Она выдернула руку и спрятала ее под подушку.

– Я знаю, – снова заговорила она тихо, – что я никому не нужна, что жизнь моя в тягость, и не мне одной…

– Это ты напрасно говоришь, ты грешишь, – резко вмешалась тетка. – Если бы ты выздоровела… поправилась бы, ты могла бы быть многим полезна, а теперь только дорога… вам.

– И я тоже думаю, – прибавил я с убеждением.

– И вы тоже? – переспросила она, прямо уставив в меня свои засиявшие глаза. На щеках у нее выступил румянец пятнами, грудь слегка заволновалась.

– О да! И я также… – прибавил я.

– Благодарю!.. – сказала она грустно и неопределенно и прилегла на подушки – как будто под наплывом радостного довольства собой. Она то закрывала, то снова открывала глаза, щурилась и улыбалась. Она походила на кокетливого ребенка, которому хорошо, приютно на солнце, греющем его, с такой лаской.

И вдруг она поднялась. Оправила быстро пуховую шаль, которой была закутана… улыбка исчезла, румянец также. Ее лицо опять стало бледным и грустно угрюмым.

– Опять игрушки, увлечение!.. – проговорила она шепотом про себя и вдруг резко обратилась к тетке:

– Ma tante, посмотри, пришел ли Ахмед и что лошадь?!

Тетка всплеснула руками.

– Вот!.. Подите вы с ней! Едва держится на ногах, а хочет опять скакать верхом на этой проклятой лошади. Ведь два раза била ее… нет!

– Ma tante, посмотри же! Я тебя прошу. Не то я сама пойду!..

И она поднялась с дивана и пошатнулась.

– Сиди! Сиди! Иду!..

И она ушла.

– Знаете ли, что я вам скажу, – обратилась она ко мне серьезно, когда дверь захлопнулась за теткой. – Я умру через месяц и три недели. – И она пристально, угрюмо посмотрела на меня.

Я пожал плечами.

– Откуда же это вы могли узнать? – спросил я.

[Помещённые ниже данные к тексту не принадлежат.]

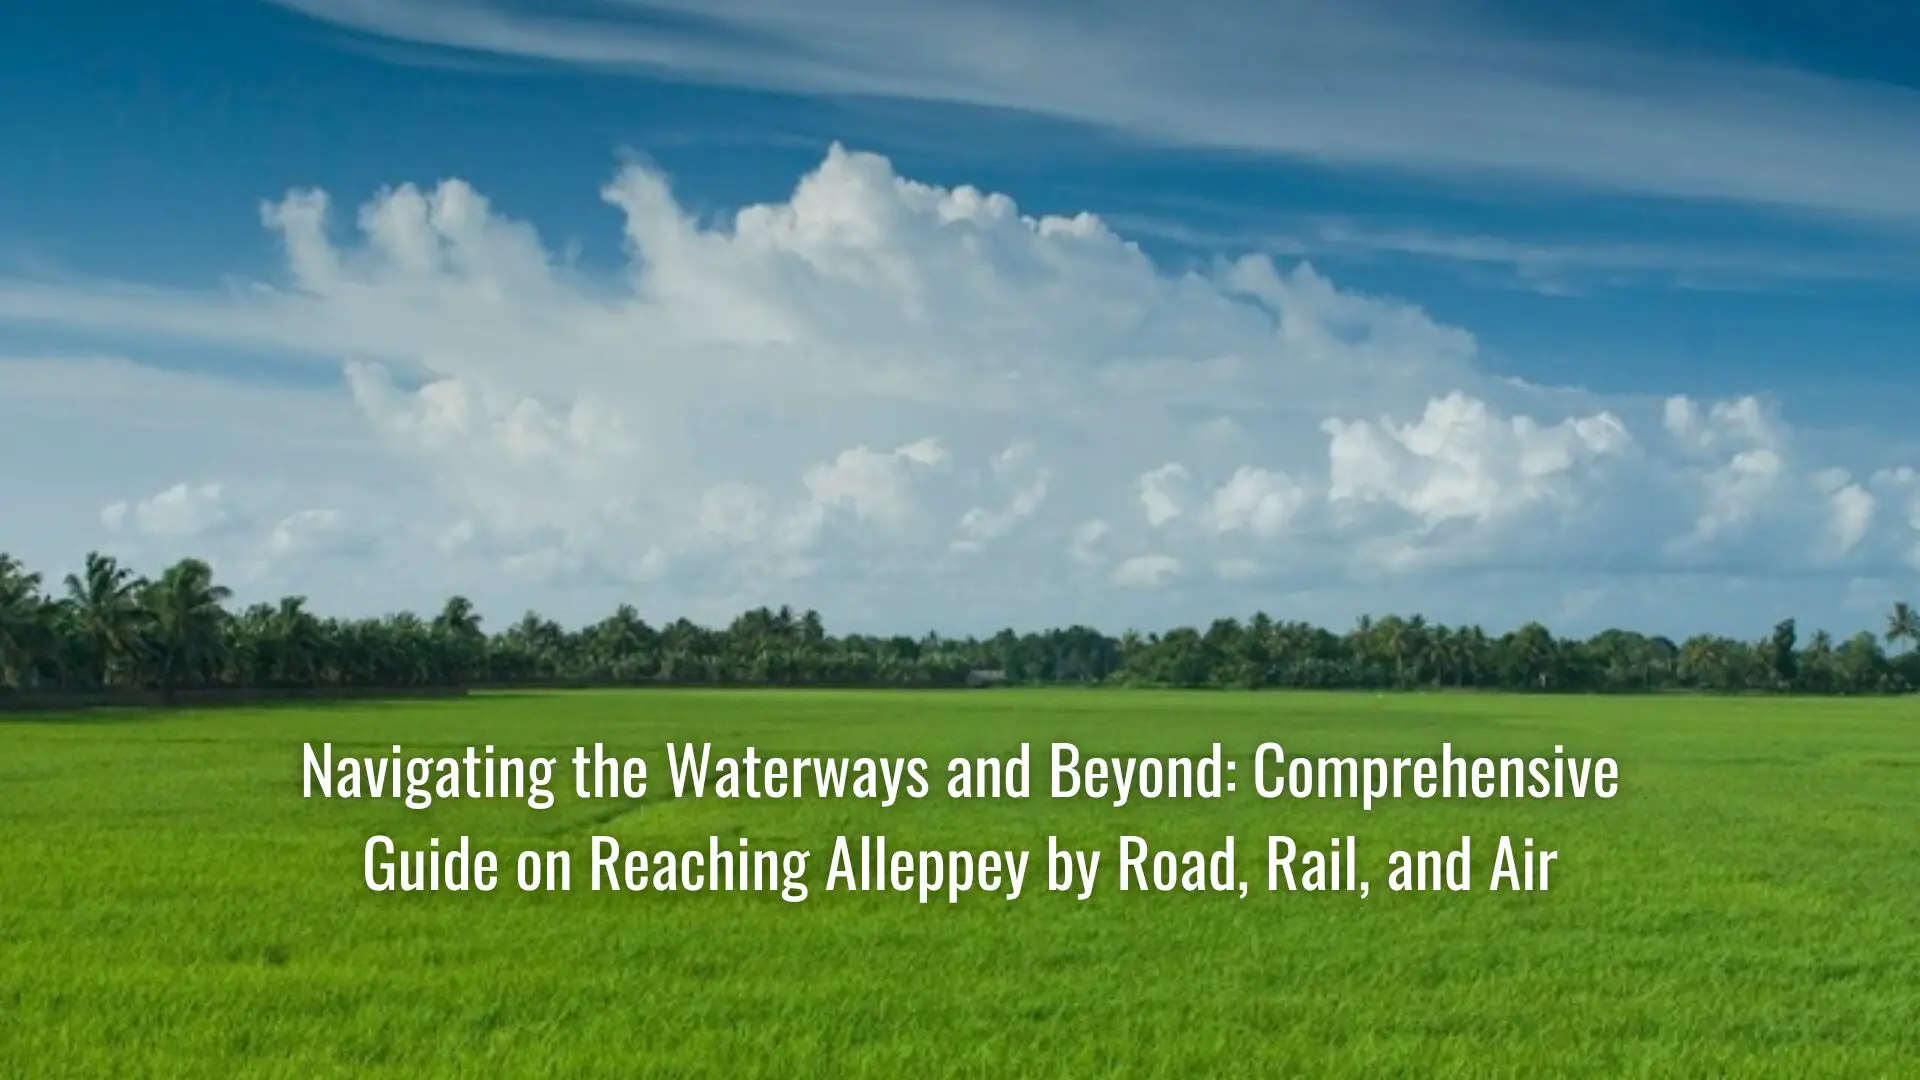 Navigating the Waterways and Beyond: Comprehensive Guide on Reaching Alleppey by Road, Rail, and Air

– Я не знаю. Какой-то внутренний голос говорит мне. Это мое убеждение.

– Полноте! Поверьте, это только вам так представляется теперь, когда вы еще больны, не оправились. Жизнь и здоровье вернутся, и мрачные мысли исчезнут.

– Я не жалею жизни. Я не боюсь смерти. Я желаю ее. Сколько раз, почти каждый день я ее искала…

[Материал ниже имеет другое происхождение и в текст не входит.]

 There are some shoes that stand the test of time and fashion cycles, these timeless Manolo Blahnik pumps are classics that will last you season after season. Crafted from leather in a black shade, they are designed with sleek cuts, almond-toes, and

– Это просто неудача жизни в вас говорит. Вы не испытали ее радости… Взаимного глубокого чувства…

Она вдруг страшно побледнела, так что я невольно вскочил со стула, но она протянула руку вперед.

– Ничего… это пройдет!.. Воспоминанье…

Она несколько мгновений лежала, тяжело дыша, и затем румянец снова резкими пятнами выступил на ее щеках.

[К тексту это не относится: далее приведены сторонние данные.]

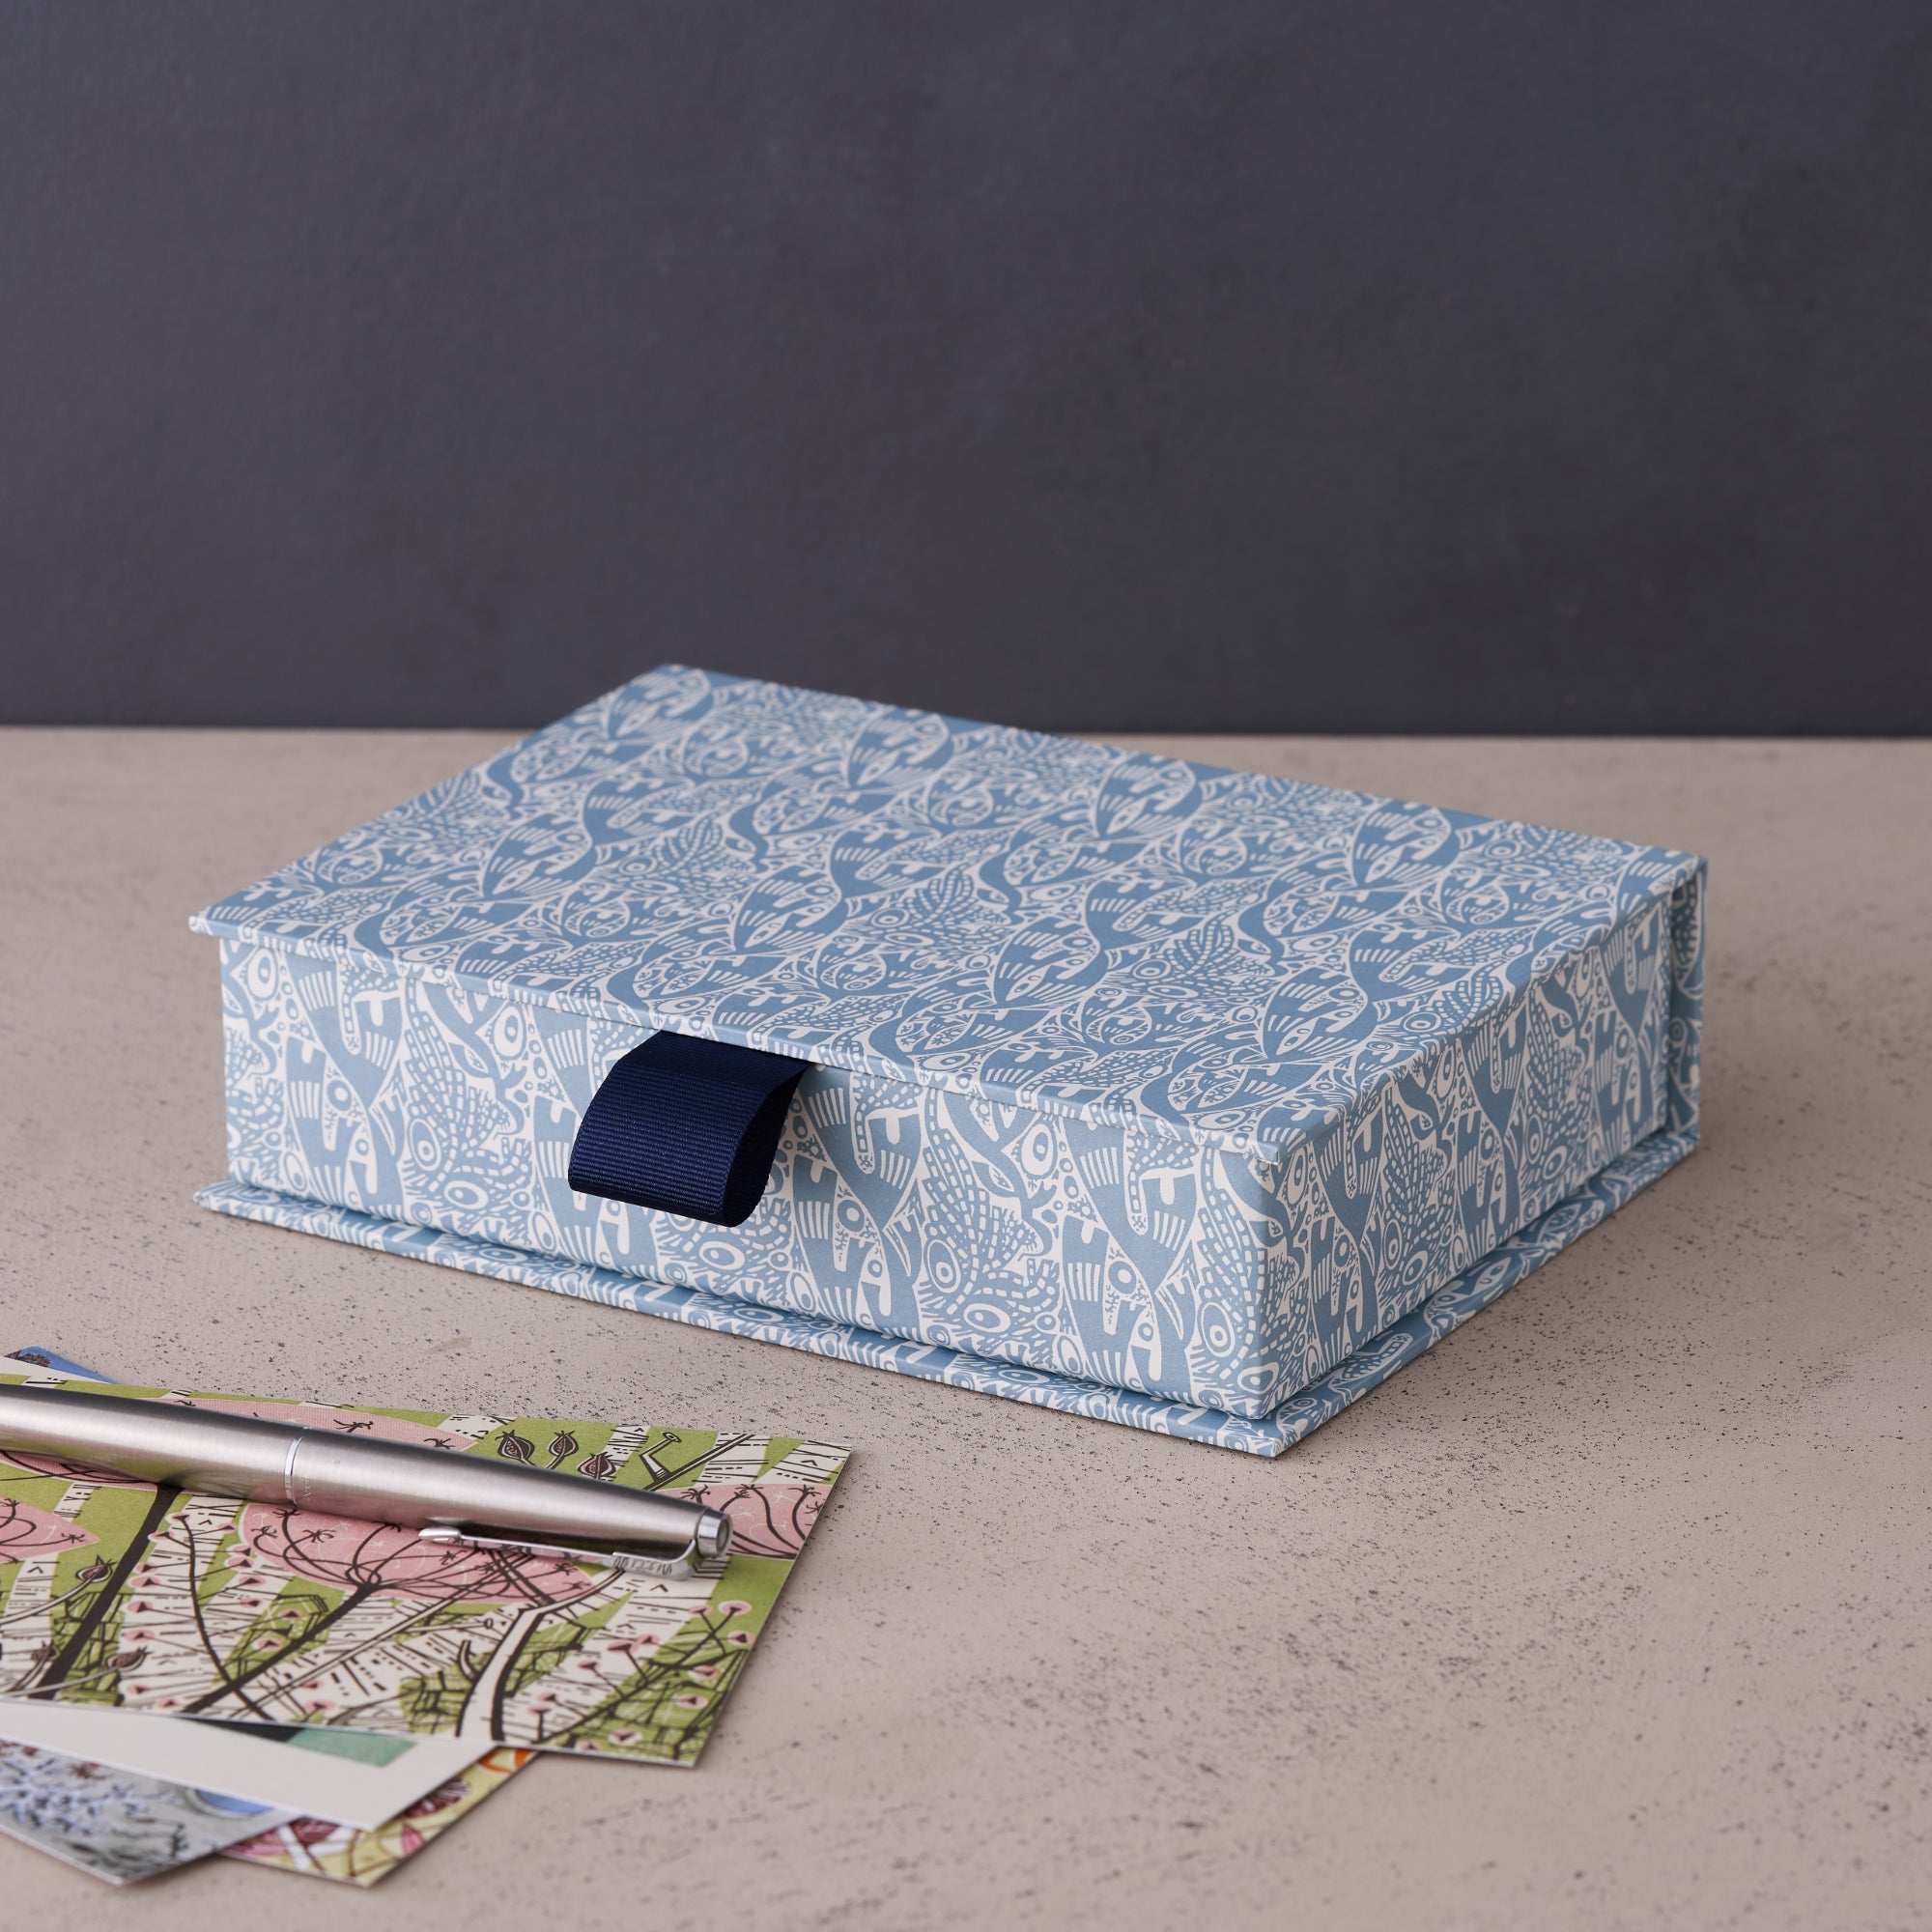 Rockpool Patterned Paper Box - Angie Lewin - St. Jude's Prints

– Жить не стоит! – снова заговорила она, не смотря на меня, как бы сама с собою.

Что страсти?!!

Ведь рано иль поздно их сладкий недуг

Исчезнет при слове рассудка…

– И чем же сладка жизнь! Чем держится обман?.. И какой обман! Грубый, бесчеловечный! (Она вдруг приподняла голову и остановила на мне свой сверкавший взгляд.) Знаете ли? Мне иногда представляется весь этот сумбур, который зовут жизнью, в виде мрачной, темной волны. Она медленно поднимается вокруг вас, поднимается в вашем сердце. Растет выше и выше. Вам становится нестерпимо жутко… И вдруг!.. Она разбивается в пену и покрывает вас белым саваном забвения… Вам становится легко, покойно, хорошо!..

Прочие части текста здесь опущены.